Thomas Gleixner <tglx@xxxxxxxxxxxxx> · Tue, 29 Mar 2022 16:19:19 +0200

On Tue, Mar 22 2022 at 21:53, Oliver Upton wrote:
> On Tue, Mar 22, 2022 at 07:18:20PM +0000, Franke, Daniel wrote:
>> The KVM_PVCLOCK_STOPPED event should trigger a change in some of the
>> globals kept by kernel/time/ntp.c (which are visible to userspace through
>> adjtimex(2)). In particular, `time_esterror` and `time_maxerror` should get reset
>> to `NTP_PHASE_LIMIT` and time_status should get reset to `STA_UNSYNC`.
>
> I do not disagree that NTP needs to throw the book out after a live
> migration.
>
> But, the issue is how we convey that to the guest. KVM_PVCLOCK_STOPPED
> relies on the guest polling a shared structure, and who knows when the
> guest is going to check the structure again? If we inject an interrupt
> the guest is likely to check this state in a reasonable amount of time.
>
> Thomas, we're talking about how to not wreck time (as bad) under
> virtualization. I know this has been an area of interest to you for a
> while ;-) The idea is that the hypervisor should let the guest know
> about time travel.

Finally. It only took 10+ years of ranting :)

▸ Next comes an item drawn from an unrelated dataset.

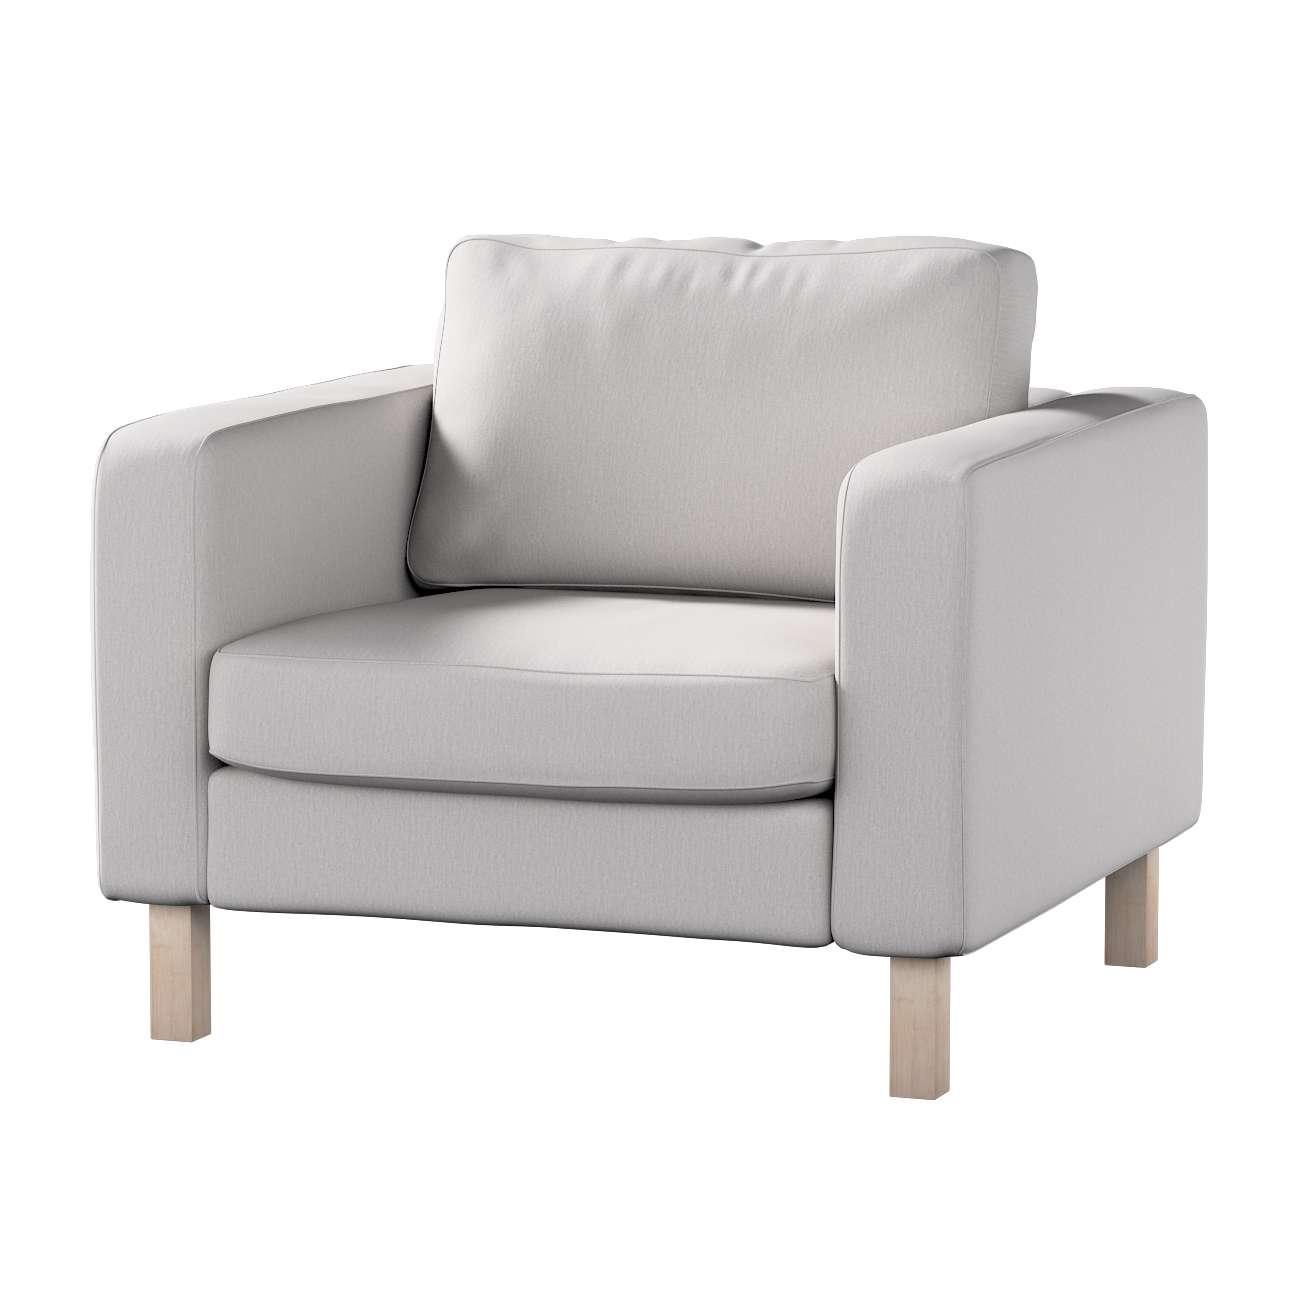 Pokrowiec na fotel Karlstad, krótki Fotel Karlstad w kolekcji Chenille, tkanina: 702-23

> Let's just assume for now that the hypervisor will *not* quiesce
> the guest into an S2IDLE state before migration. I think quiesced
> migrations are a good thing to have in the toolbelt, but there will
> always be host-side problems that require us to migrate a VM off a host
> immediately with no time to inform the guest.

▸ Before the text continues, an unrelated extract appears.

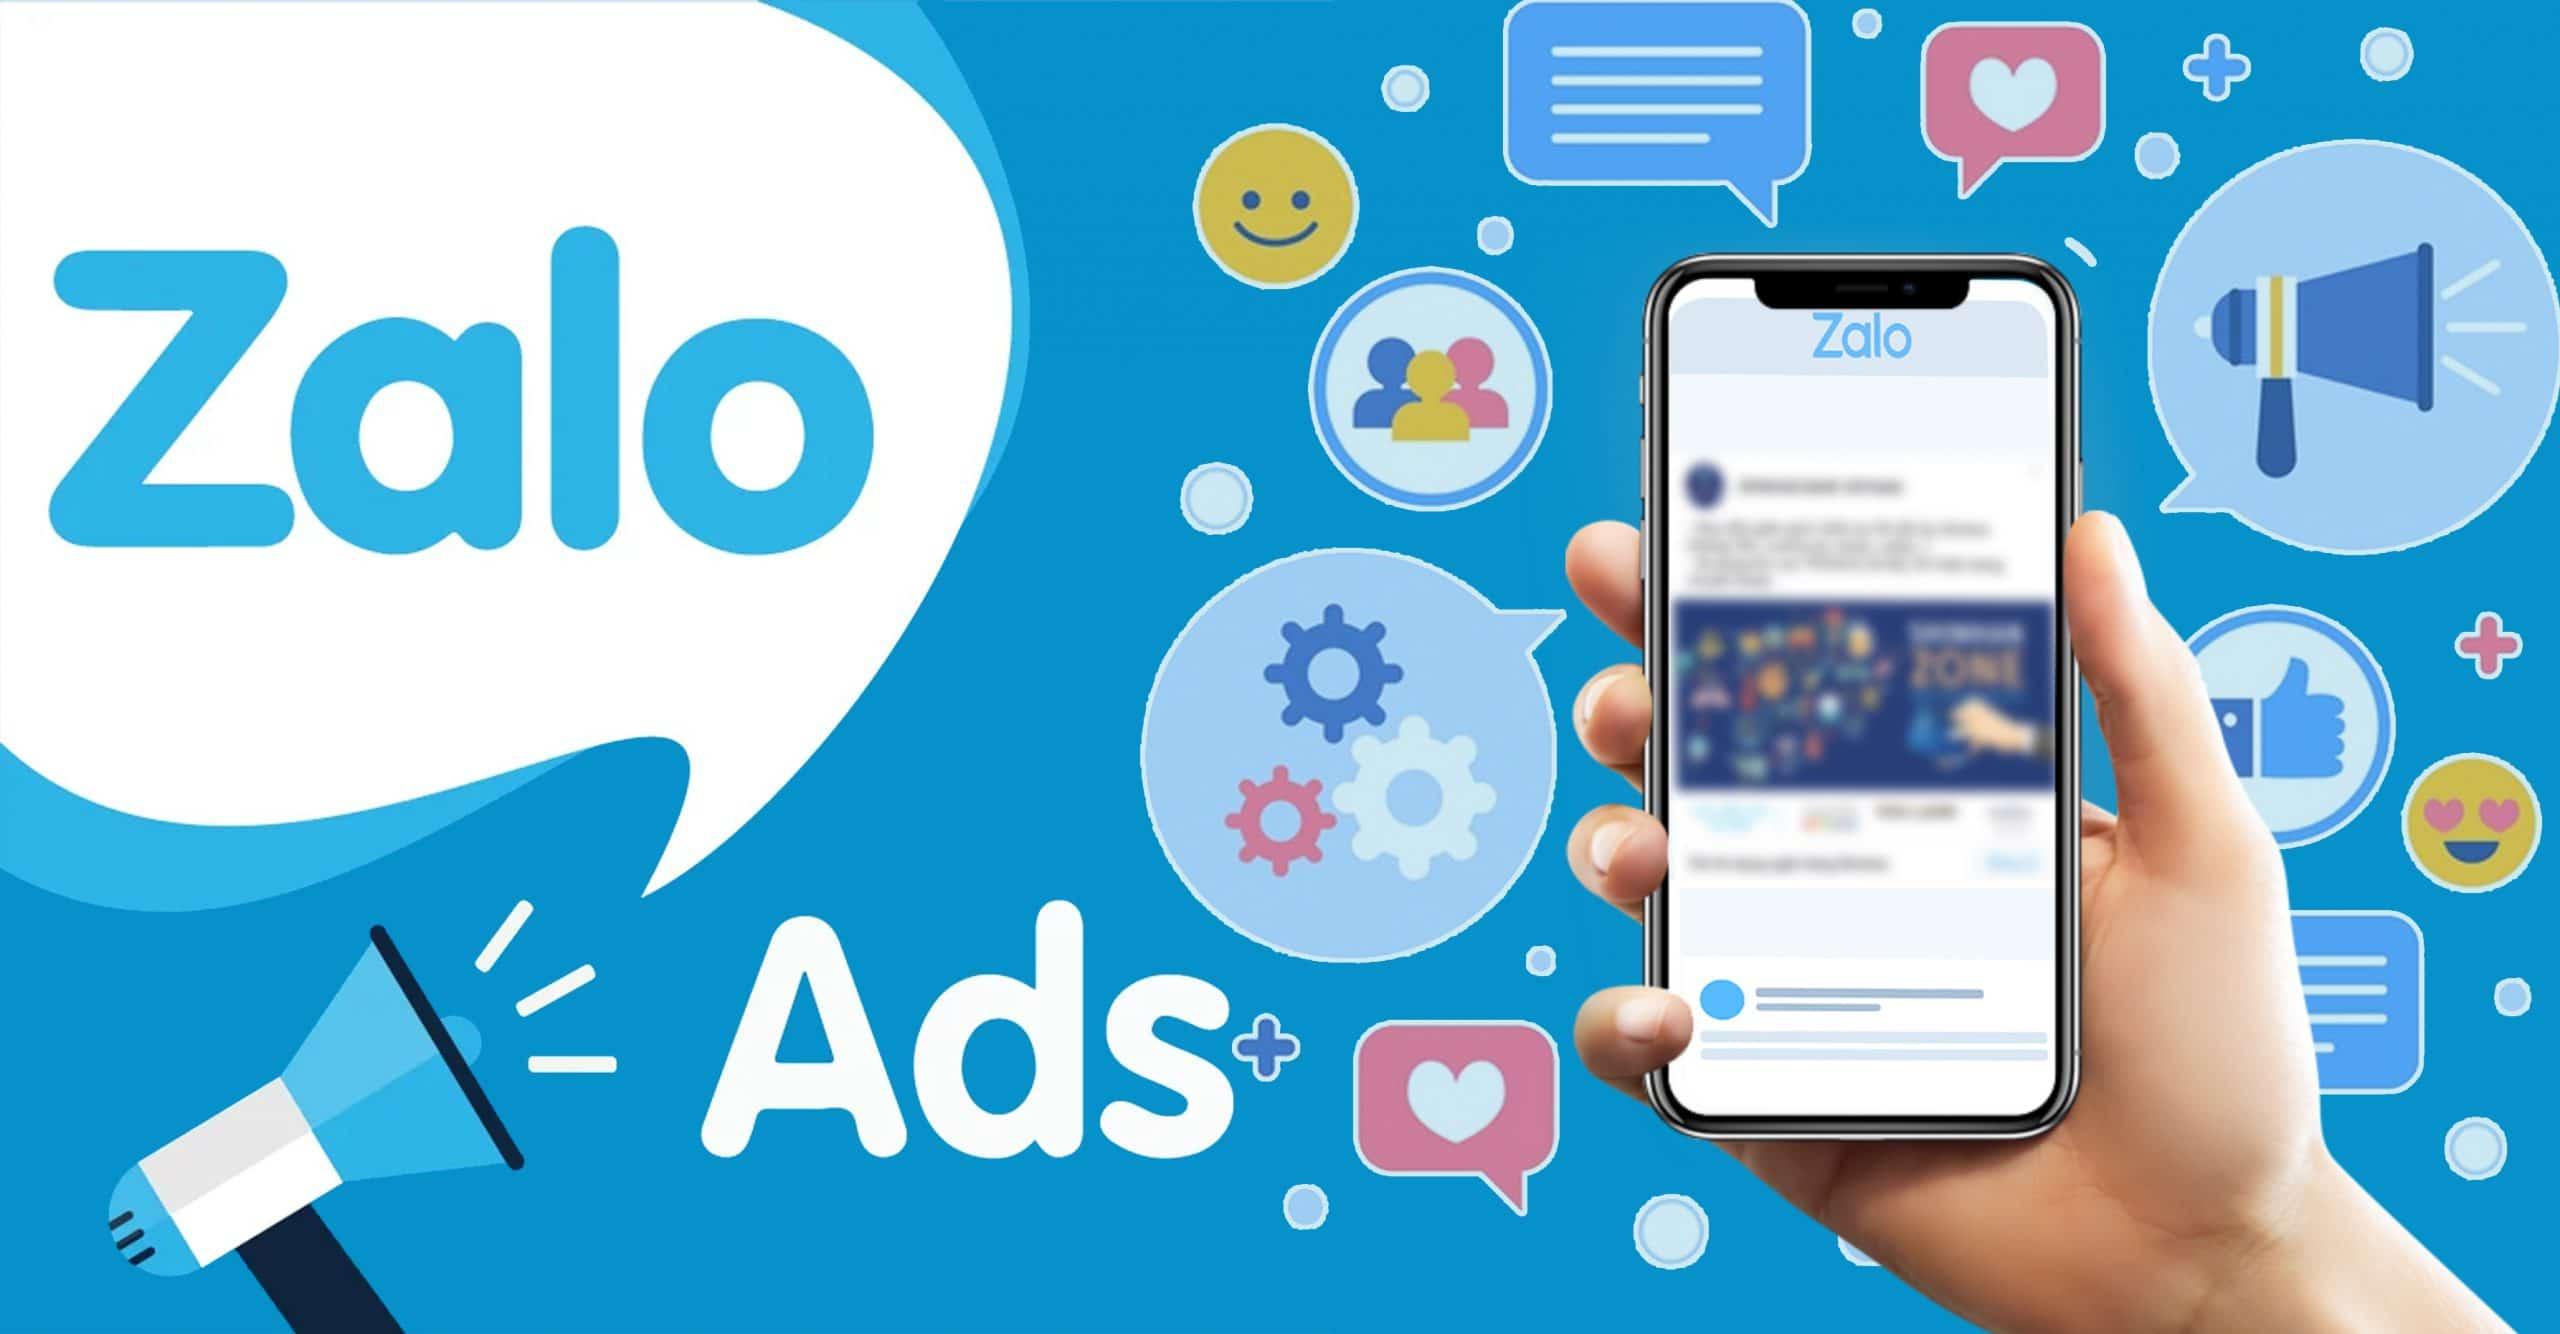 Marketer ứng phó những thay đổi lớn của iOS14 với Facebook ra sao? markeitngreview.vn 2

Quiesced migrations are the right thing on the principle of least
surprise.

> Given that, we're deciding which clock is going to get wrecked during
> a migration and what the guest can do afterwards to clean it up.
> Whichever clock gets wrecked is going to have a window where reads race
> with the eventual fix, and could be completely wrong. My thoughts:
>
> We do not advance the TSC during a migration and notify the
> guest (interrupt, shared structure) about how much it has
> time traveled (delta_REALTIME). REALTIME is wrong until the interrupt
> is handled in the guest, but should fire off all of the existing
> mechanisms for a clock step. Userspace gets notified with
> TFD_TIMER_CANCEL_ON_SET. I believe you have proposed something similar
> as a way to make live migration less sinister from the guest
> perspective.

That still is an information _after_ the fact and not well defined.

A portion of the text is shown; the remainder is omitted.